Ed Blank, 76, of Mt. Lebanon told me about it. He was the movie and theater critic for The Pittsburgh Press until it tanked in 1992, and worked for the Pittsburgh Tribune-Review another 14 years after that. Now he’s in about 15 organizati­ons, nine of them veterans outfits, one of which is Vietnam Veterans Inc.

I worked with Mr. Blank for years and never knew he was a Vietnam veteran. “I put the whole thing aside for 46 years,” he said. But he went to a breakfast event five or six years ago and felt a renewed sense of pride for his time as a first lieutenant in the U.S. Army Signal Corps, putting up telephone poles and laying cable all over Vietnam circa 1967.

And so these weekly breakfasts. Chuck Chasler, 73, of Whitehall, who served in South Korea during the Vietnam War era, said the two young women who handle these morning meals are incredible.

“After about your second or third time there, they know your name and what you usually order,” Mr. Chasler said.

John Weinheimer, 73, of Brookline, who was a Marine in Vietnam during the Tet Offensive in 1968, agreed. The way these two women orchestrat­e a two-hour breakfast every week is nothing short of amazing to him. “They know what you’re going to order unless you change up. They remember 80 to 100 names. And they treat you like one of their relatives.”

As of Friday afternoon, about 50 veterans had contribute­d more than $3,000 to the suddenly jobless waitresses.

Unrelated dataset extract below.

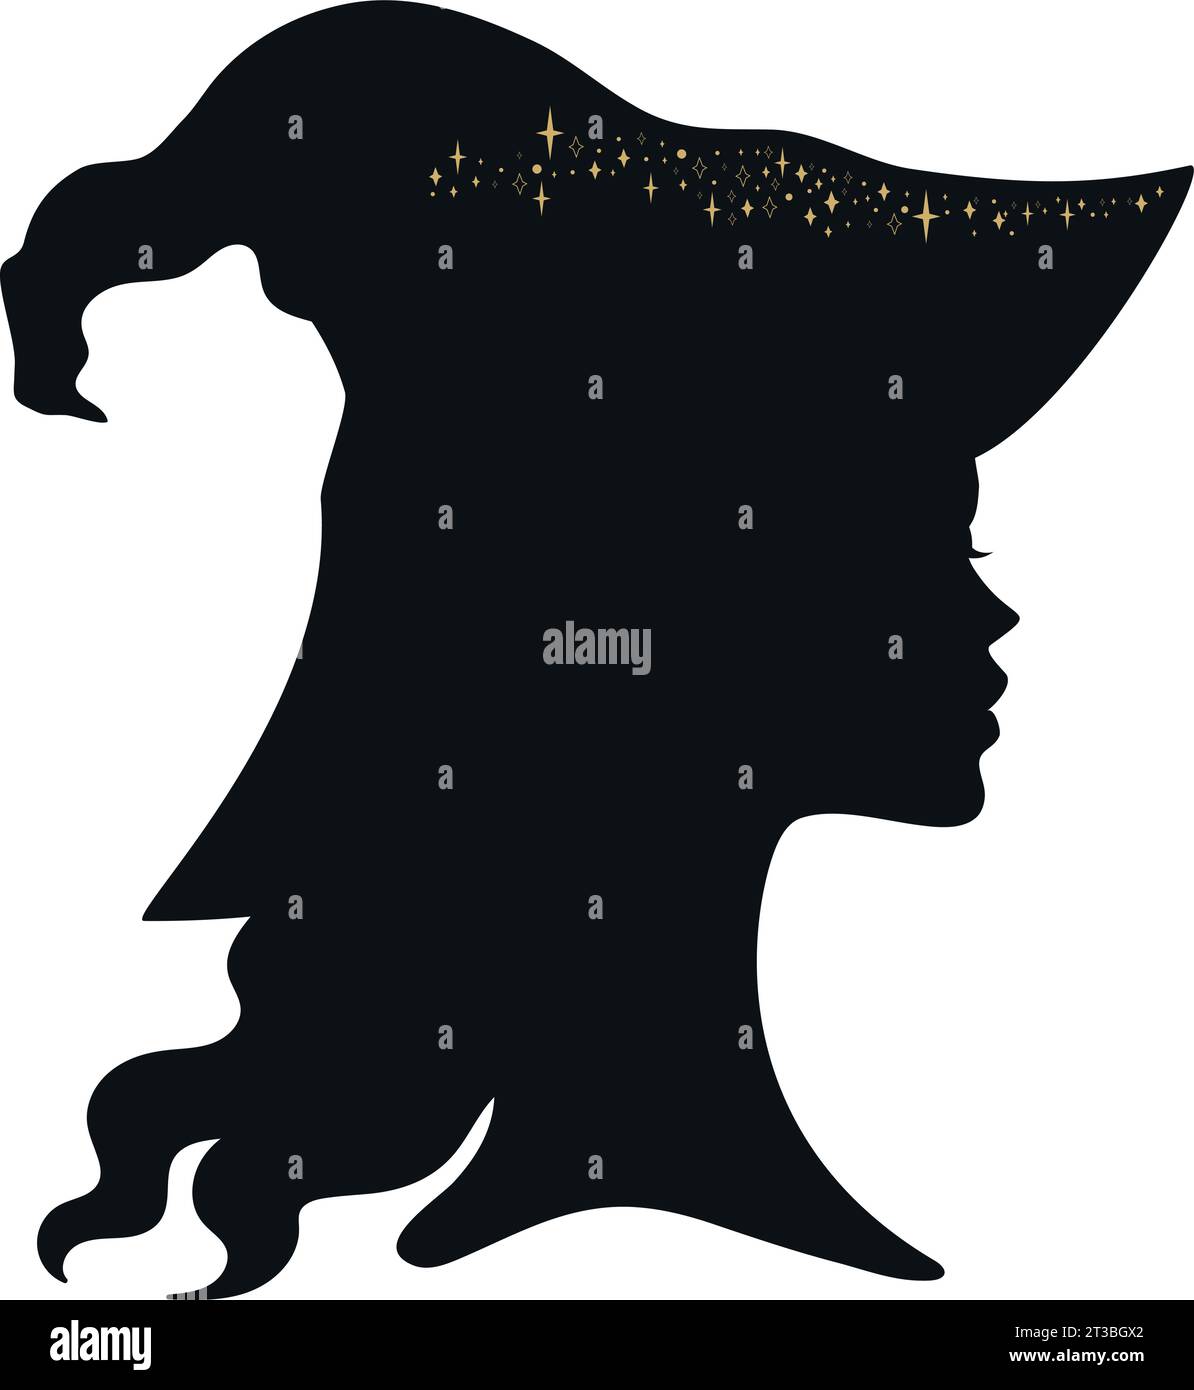 Junge Hexe in Hütsilhouette mit Sternen. Vektorillustration isoliert auf weißem Hintergrund Stock Vektor

So when these men began talking among themselves, they agreed their mission was clear. Mr. Blank has the names of nearly 200 fellow veterans on an email roster. He started sending out notes about two and a half weeks ago, suggesting the vets ought to do right by these women who had always done right by them. And the checks started rolling in.

The vets split the money down the middle. Mr. Blank makes a trip to his neighborho­od mailbox before the 4 p.m. pickup every day, mailing checks to each of the two women. Mr. Weinheimer has been doing the same thing electronic­ally with any donations coming to him.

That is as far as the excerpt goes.